Study the data carefully, do your own arithmetics, and make your own conclusions. 

The precinct-level results are printed out before results are transmitted. A copy of the printouts are with the PPCRV. They are currently encoding those results. Volunteer if you really want to help.

One important thing that members of our data team at Pope Pius kept pointing out to me is this: garbage in, garbage out. 

Unfortunately, because the source code arrived too late, we can never really know for sure what software actually operated the over 79,000 voting machines that were used on election day. 

Whether there was cheating or not, this fact alone will forever cast doubt on the veracity of the results of these elections. 

But the PPCRV is supposed to be doing a random manual audit. The report from that audit deserves to be monitored and made public to allay fears that the machines counted the votes wrongly.

And 3 years down the road, for the 2016 elections, IT professionals interested in clean elections should really make it a point to participate in the source code review. And the Comelec should make the process more open. 
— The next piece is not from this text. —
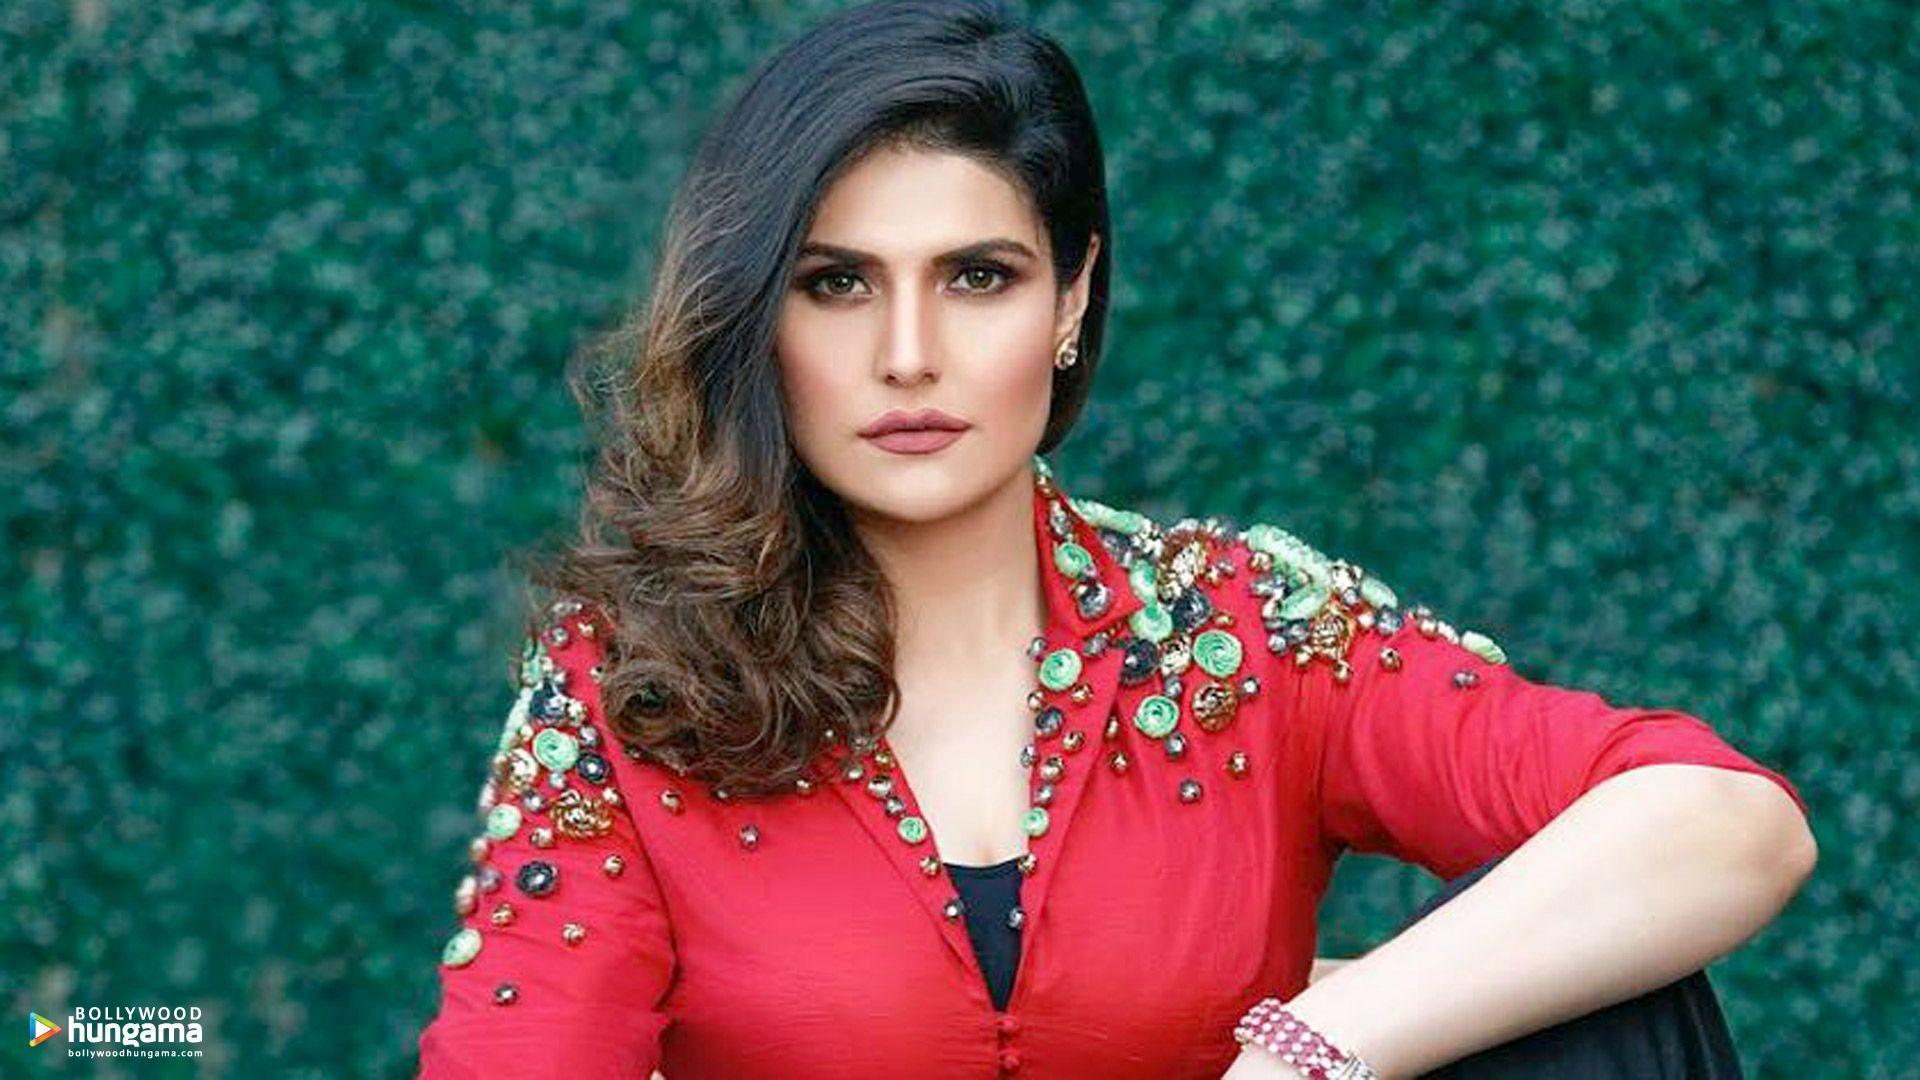 S. D. K videos: zarine khan hd wallpapers free download.
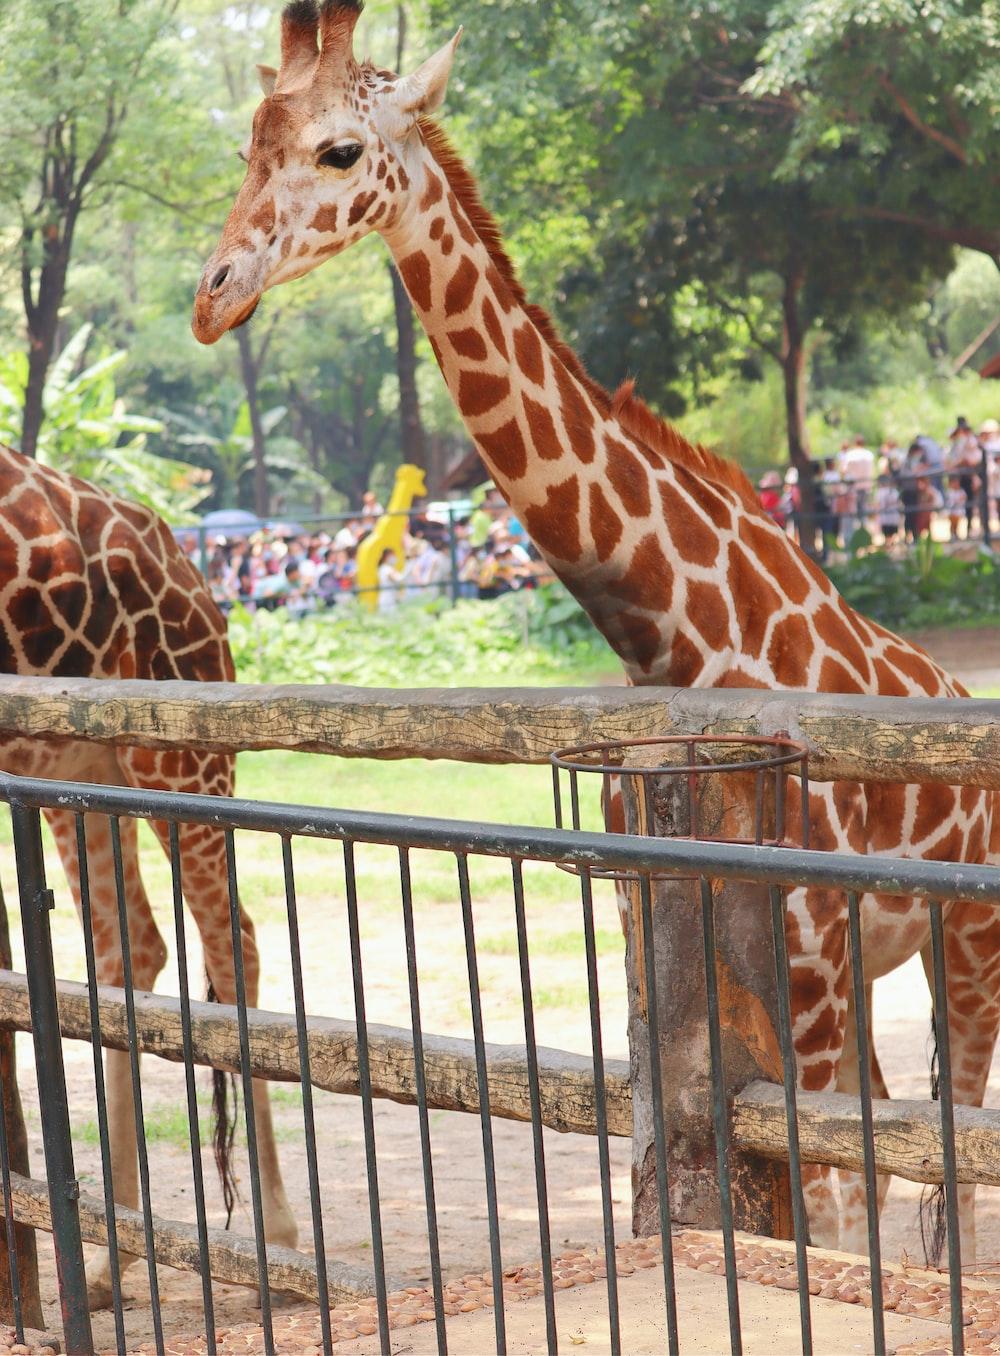 giraffe in cage during daytime

In future elections, there will always be people crying that they were cheated. Such is a fact of life in this country. But this will at least prevent more rational minds from latching on to wild hypotheses over simple patterns in the numbers. – Rappler.com

 

Gemma B. Mendoza heads Rappler's Tech, Creatives & Research units, which  produced Rappler's real-time tally of the May 2013 election results. The same team worked closely with the Comelec to improve results data delivery to various groups, including major media networks, via the Rappler Mirror Server.